Phillip Poulidis, senior vice president and general manager of BlackBerry’s IoT business, said every day the company takes steps to “dispel the myth it is just in the smart phone business.”
BlackBerry’s initial move into trucking was the asset tracking system known as Radar. The system provides “deep insights into company fleets,” Poulidis said, including trailer utilization, maintenance, and other functions.
Radar represents a key step in the transition that began about four years as BlackBerry shifted away from the cell phones it was initially known for. The transition has been aided by the company’s background and established brand, Poulidis said.
Trucking customers say “we know who you are. It is a blessing for us to have such a strong brand.”
BlackBerry’s initial trucking offering was the RadarM, which Poulidis said incorporates multiple sensors, and is well suited for dry vans, trailers, and containers.

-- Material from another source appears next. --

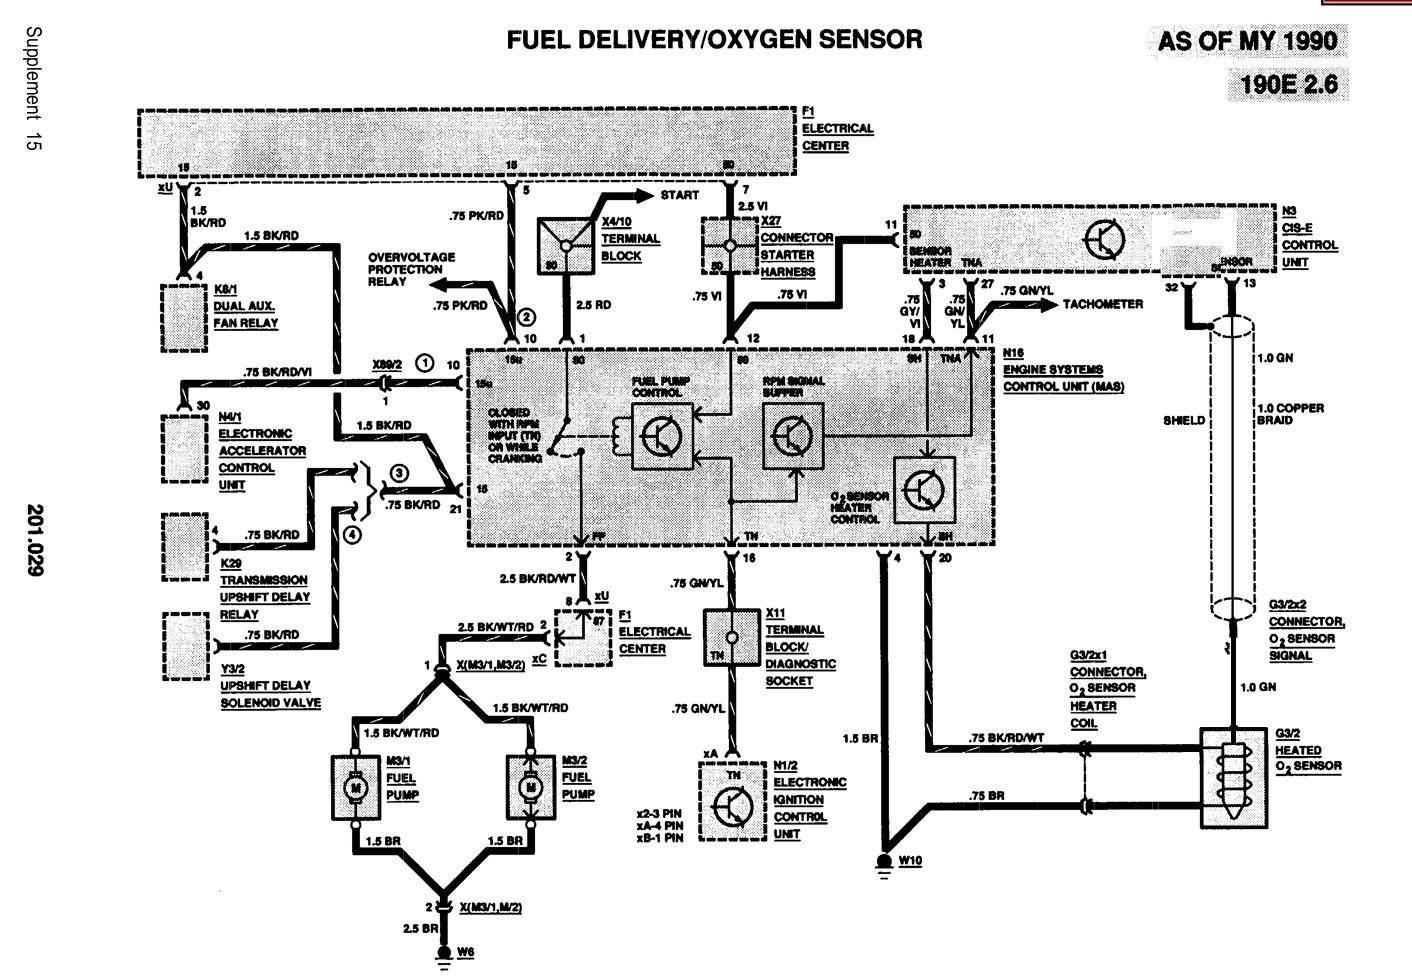 Mas Relay  The O2 Heater Power Source

The device can detect motion, humidity, and trailers doors opening or closing. More recently it released RadarL – a more simplified version that does not have temperature or load-sensing capabilities.
Radar customers are improving fleet efficiency on average between 7% and 10%, Poulidis said.
Just before the end of 2017, BlackBerry said it had partnered with Pana-Pacific to Radar through its 2,800 heavy-duty truck dealerships across North America. All stores were expected to be stocked with BlackBerry’s products before the end of the January.
An article in Motley Fool called the deal “a big breakthrough” that will help improve visibility for the company within the freight transportation space.
“BlackBerry could make a dent in the fleet management space that's expected to grow at 16% annually over the next five years,” the article suggested.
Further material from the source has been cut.